Она уже не в первый раз это спрашивала. Но старик молчал, и непонятно было, в состоянии ли он уже отвечать на чьи-либо вопросы. Но вот он разлепил коричневый спёкшийся рот и сказал трудным гортанным голосом, каким и должен был заговорить оживший деревянный божок.
– Ждали, – сказал он.
– Кто ждал?
Поезд мчался дальше на восток. Белые огни станционных фонарей пронизывали вагон, высвечивали младенческие лица спящих людей – и снова вагон погружался во тьму.
Состав скрипел, круто изгибался на поворотах, обегая сопки – и тогда можно было увидеть его длиннющий хвост, цепочку освещенных вагонных окошек, таких уютных, теплых, трогательных среди древних заснеженных сопок, предвещавших скорую встречу с Амуром, и лиственниц – гигантш, у которых кора трещала, лопаясь – такой был в эту ночь лютый мороз.
Когда вагон на повороте сильно качнуло, старик забеспокоился, привстал на дрожащих полусогнутых ногах и начал всматриваться в чёрное окно. Потом слабой рукой толкнул девушку в плечо. Она поняла и прильнула к окну. Она так старательно всматривалась, что у неё больно заныли глазные мышцы.
Ещё секунда – и она бы никогда не увидела круглую маленькую, как монетка, поляну и рубленую избушку, утонувшую по крышу в пухлых синих сугробах – картинку, как на открытках Зарубина.

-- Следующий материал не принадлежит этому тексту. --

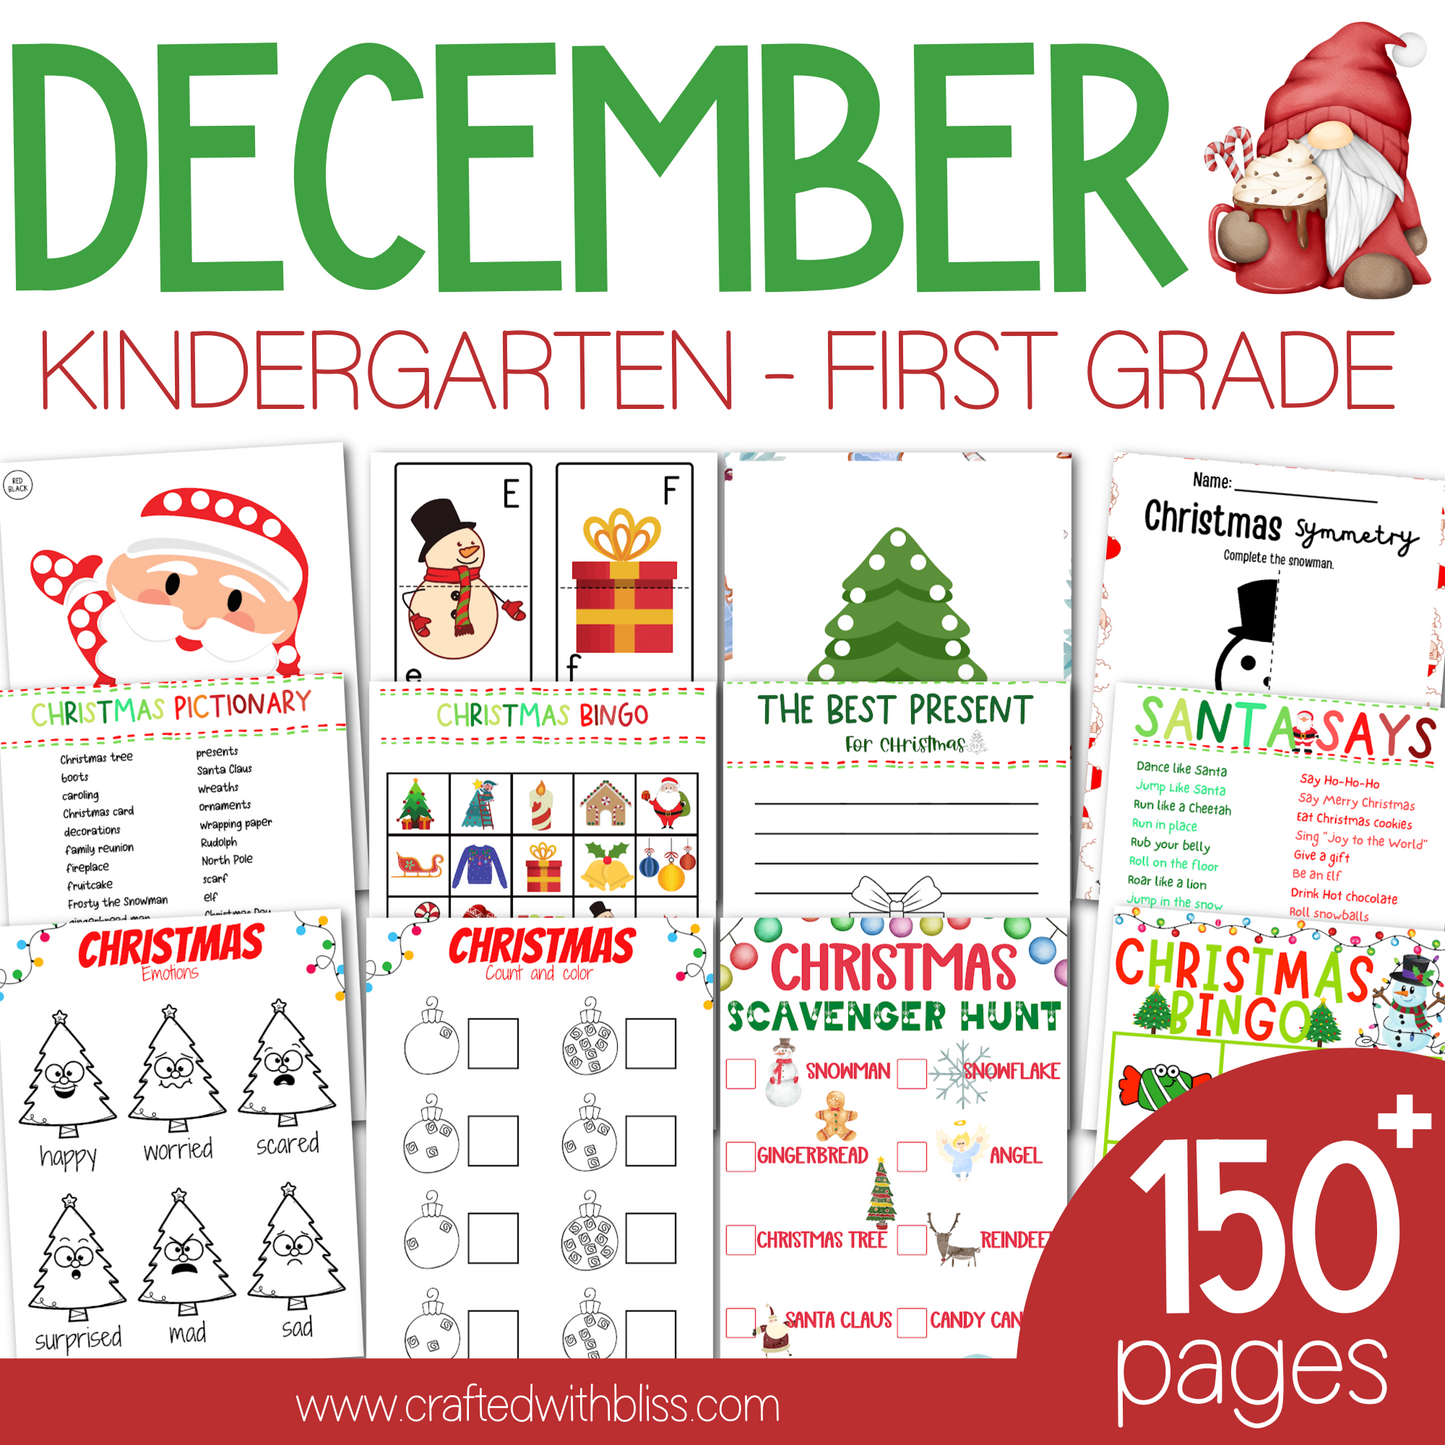 December Christmas Kindergarten - First Grade Activities Super Bundle, Christmas Party Classroom Games and Activities BINGO Cards Game Night

«Он всю жизнь прожил в этой избушке. Он и… собака. Да, да, обязательно собака. И на многие километры вокруг он и его собака знали каждую сопку и сучок на каждой лиственнице… Постой, а как же собака?»
И она с готовностью вообразила, как вслед прогрохотавшему поезду на голубые рельсы с визгом скатился тёмный клубочек. Умные круглые коричневые глаза, смаргивая иней с ресниц, смотрят на быстро удаляющиеся красные огоньки… И опять установились Мороз, Безмолвие и Голод…
Старик бессильно упирался сухими руками о края полки и глядел вниз, плача быстро капающими мелкими прозрачными слезинками, мочившими его сатиновую рубашку в горох…
Когда девушка, умытая, вернулась с полотенцем на плече из туалета, старик уже подобрал ноги в опрятных штопаных носках и спал, как спят все старики на свете, свернув калачиком ссохшееся тело, скрючившись, будто желая занимать как можно меньше места. Казалось, он под громкое жужжание мух и пчел в знойный июльский полдень, уморившись, спит под кустом в поле.
Девушка рядом дремала и воображала себе разные приятные и глупые вещи вроде того, как они хорошо живут втроём со стариком и его собакой… Нет, не втроём – вчетвером, как она могла позабыть?!